U.S. Bancorp Plans to Double Loan Provision, Chop Profits
U.S. Bancorp said it expects to almost double its loan-loss provision in the second quarter, pushing profits 13% below the year-earlier level.
The Portland, Ore.-based company said its provision for loan losses would be between $40 million and $42 million, up from $21.6 million in the first quarter and $21.5 million in 1990's second quarter.
The company is still reviewing loans, and nonperforming assets could rise by as much as $60 million, to about $400 million, officials said.
Kevin R. Kelly, the company's president, attributed the results to tougher loan standards imposed by regulators.
"Arguments are still going on over a collection of credits that have never stopped performing," he said.
The new nonperforming loans are a mixture of real estate and commercial credits but do not include forest products companies or borrowers in leveraged deals, officials said.
U.S. Bancorp said it expects to report second-quarter earnings in the range of $40 million to $42 million, compared with $49.3 million in the first quarter and $47.3 million in 1990's second quarter.
The company, with $18.5 billion in assets, issued a preliminary earnings release amid mounting concerns about the health of its loan portfolio.
Top Rival Posted a Loss
First Interstate Bank of Oregon, its largest rival in the state, said last week that it would report a second-quarter loss of about $40 million because of problem credits for real estate and the forest products industry.
First Interstate's "problems are unique," Mr.
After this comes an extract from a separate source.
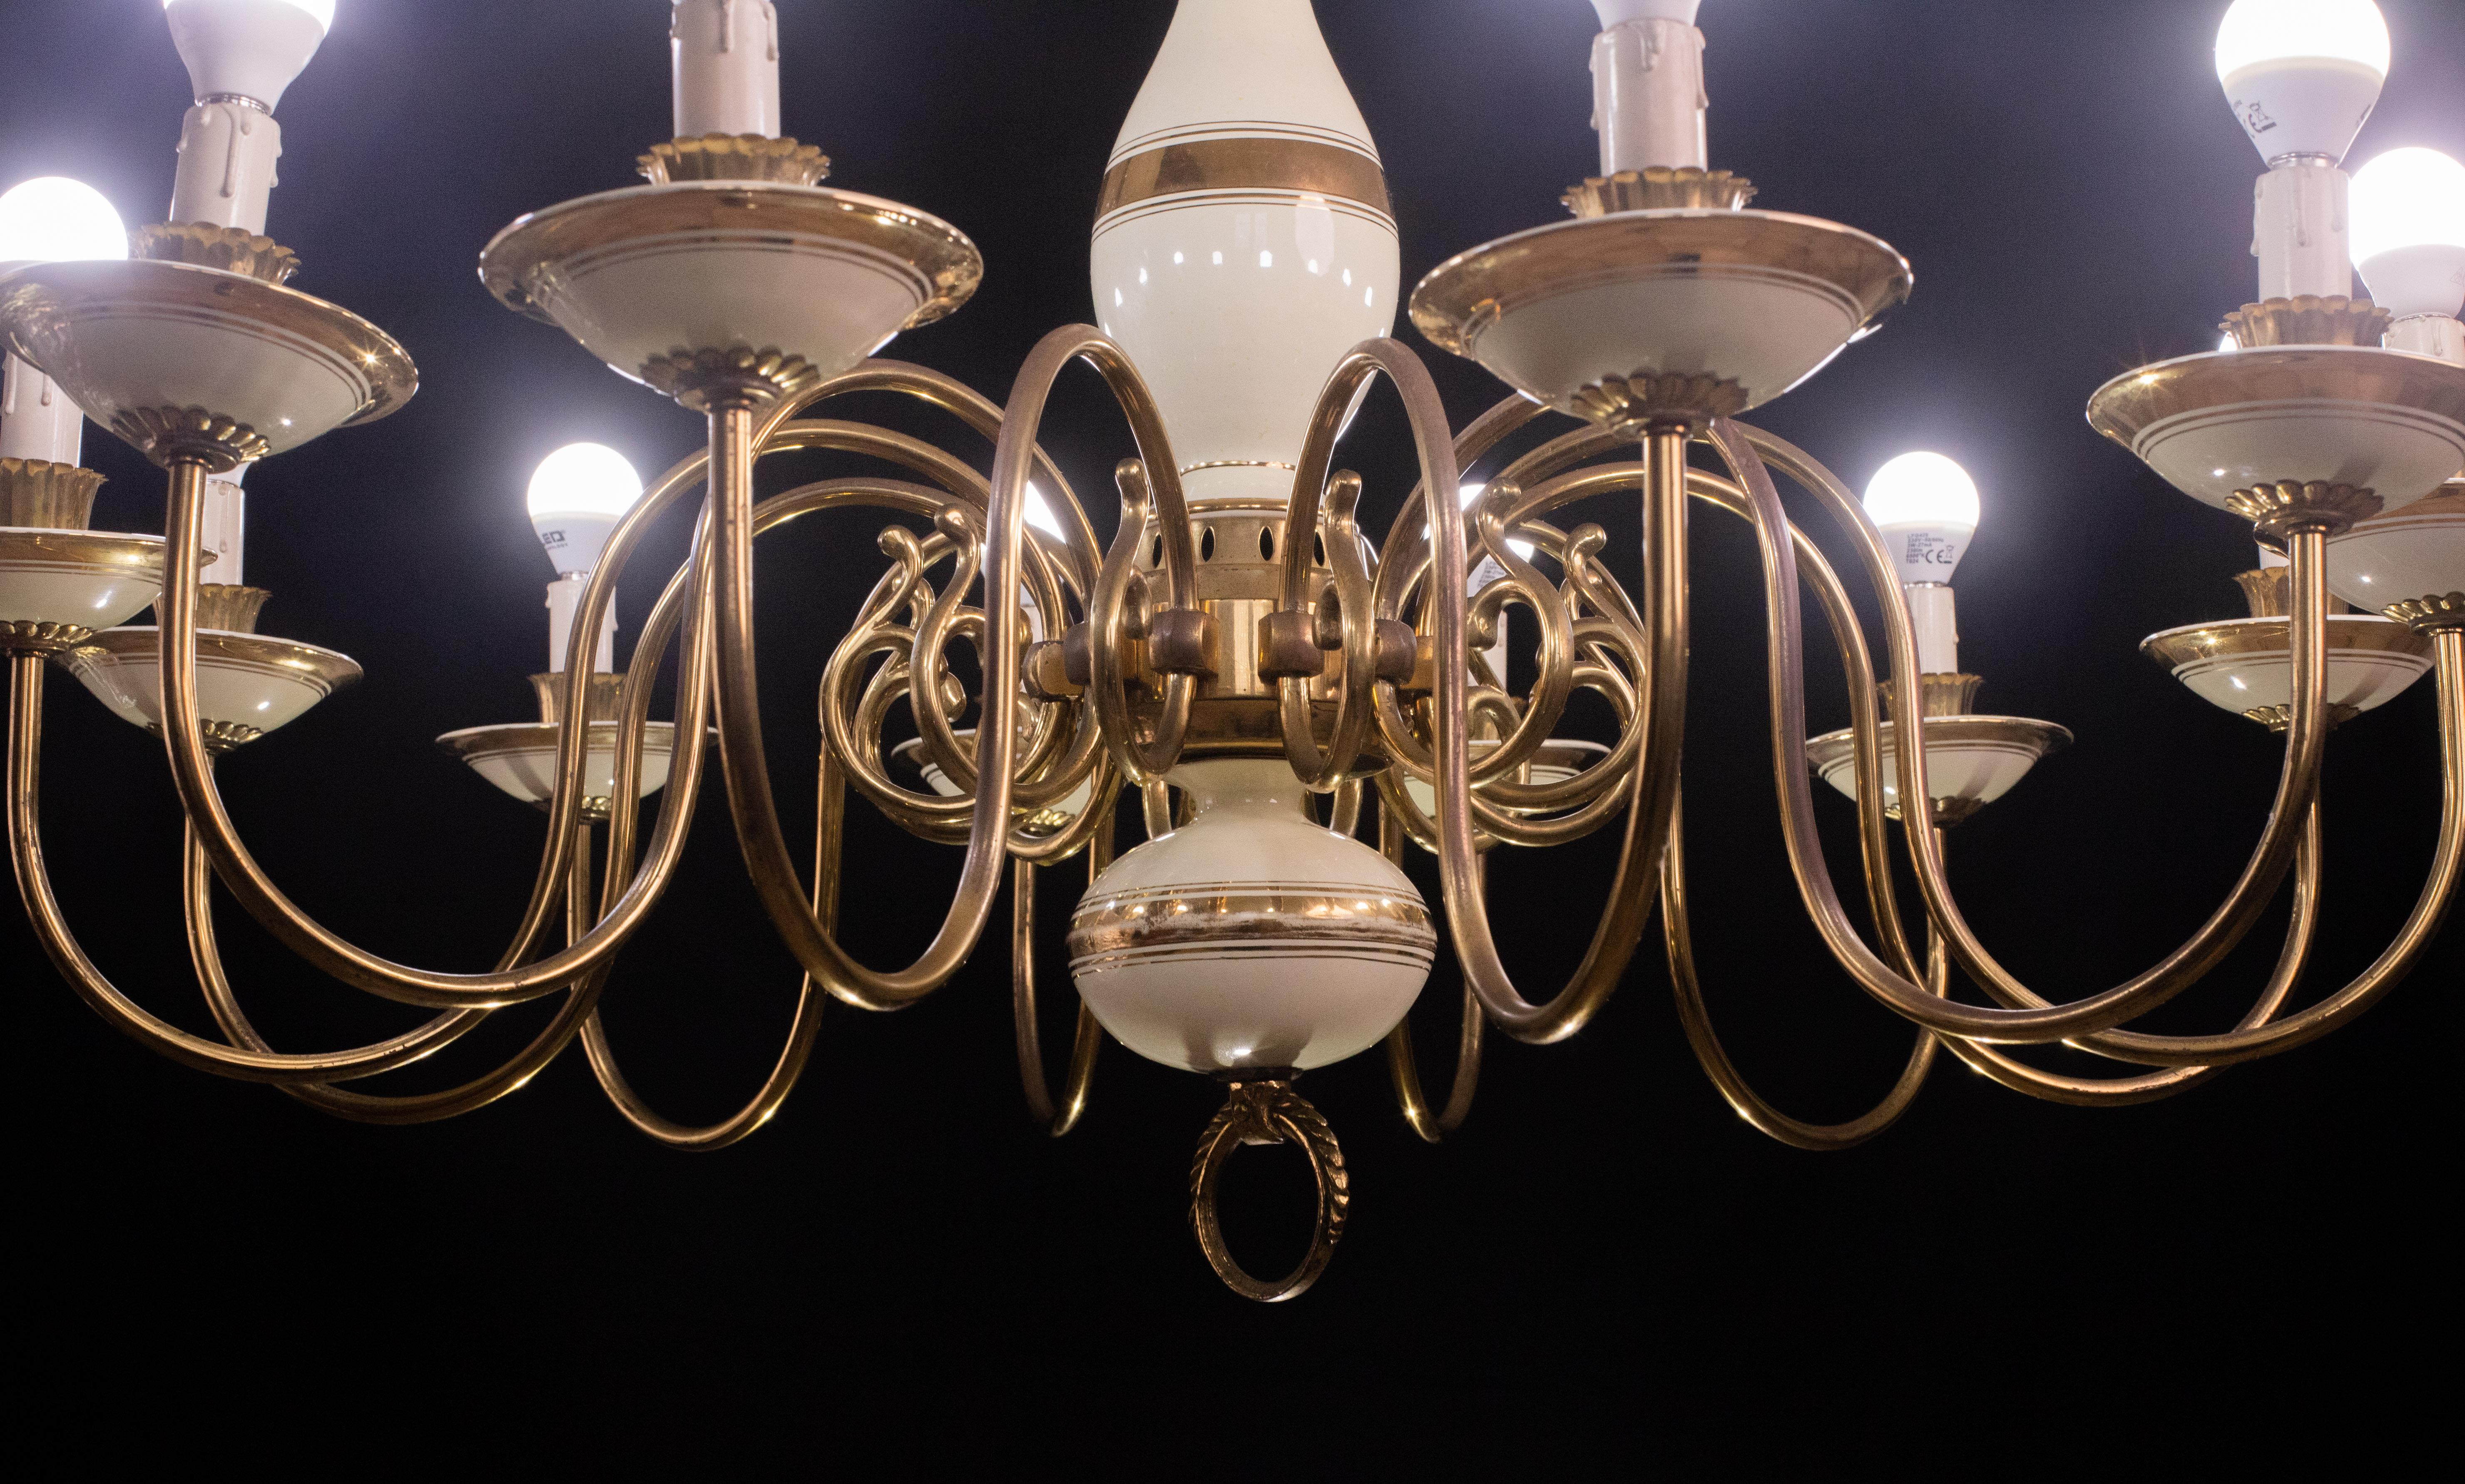 Monumental 12 Lights Art Deco Brass and Ceramic Chandelier, 1950s For Sale 2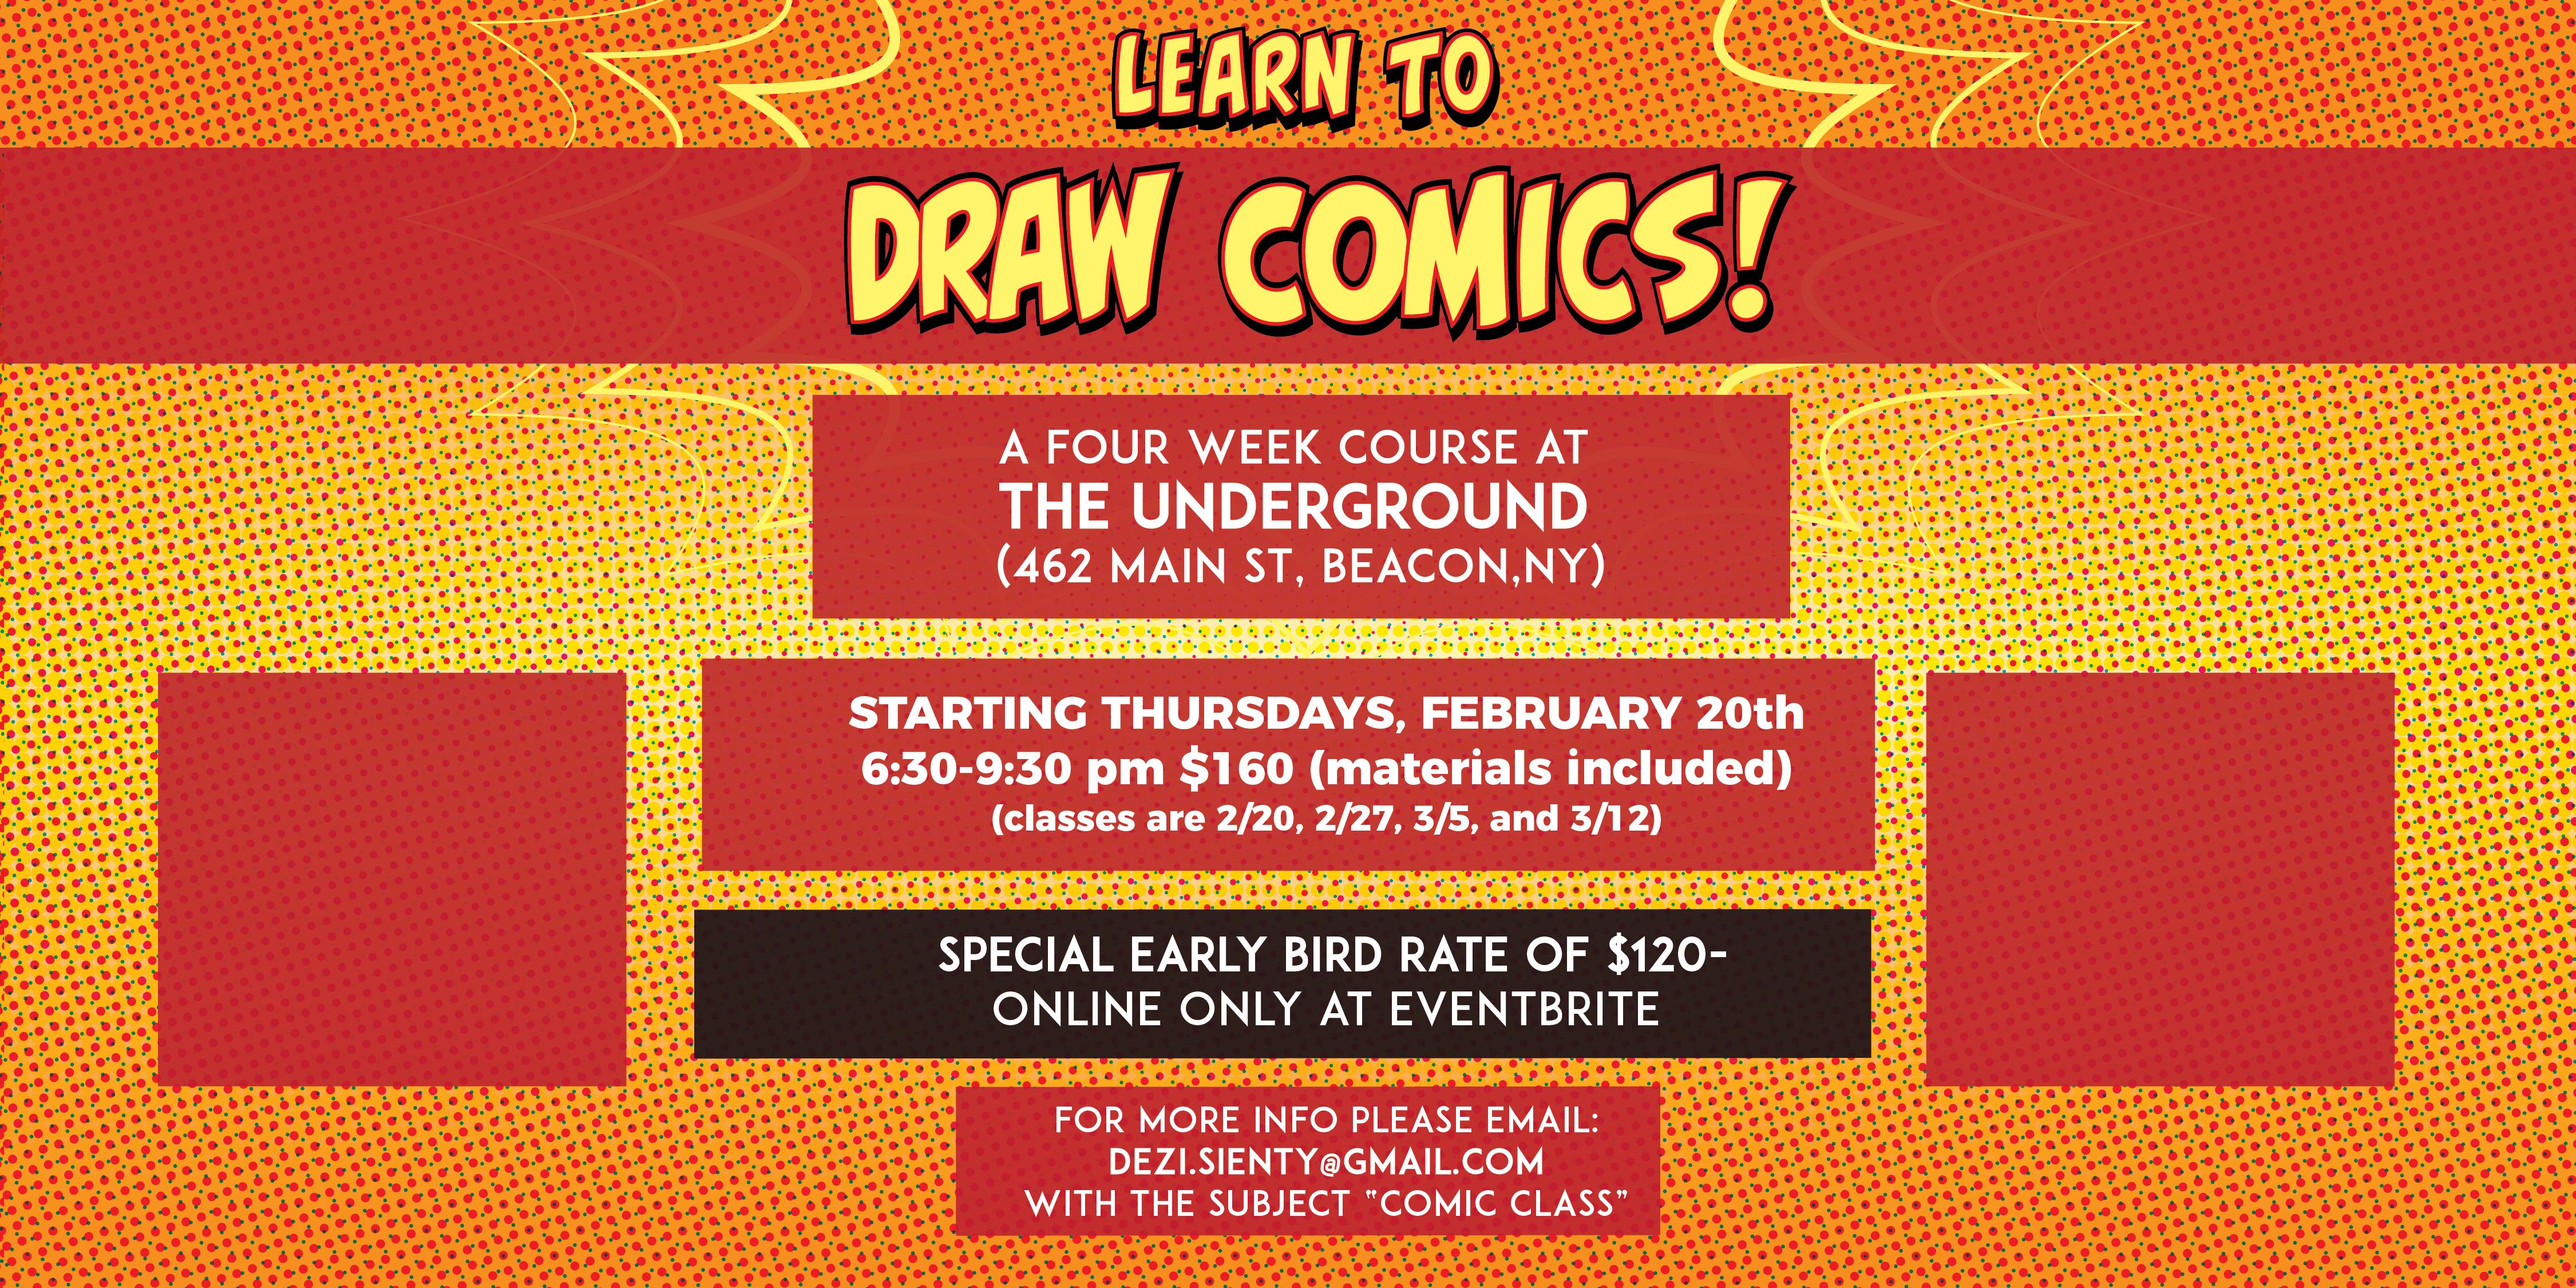 Learn To Draw Comics @ the Underground in Beacon, NY

Kelly said. Oregon's economy is still growing, though more slowly than in previous years, he said.
Wells Announcement Hurt
Speculation about loan problems has battered U.S. Bancorp's stock, which had fallen 19% between June 25 and mid-afternoon July 3.
The stock also was hurt by Wells Fargo & Co.'s announcement two weeks ago, after a federal review of its syndicated loans, that it would take a big increase in its loan-loss provision to cover credits for highly leveraged transactions.
U.S. Bancorp's HLT portfolio has been shrinking, but the company still has aroung $600 million outstanding in leveraged-deal credits.
Nevertheless, in May it came through "without problems" the same shared-credit examination that rocked Wells Fargo, said Donald F. Bowler Jr., the company's chief of investor relations.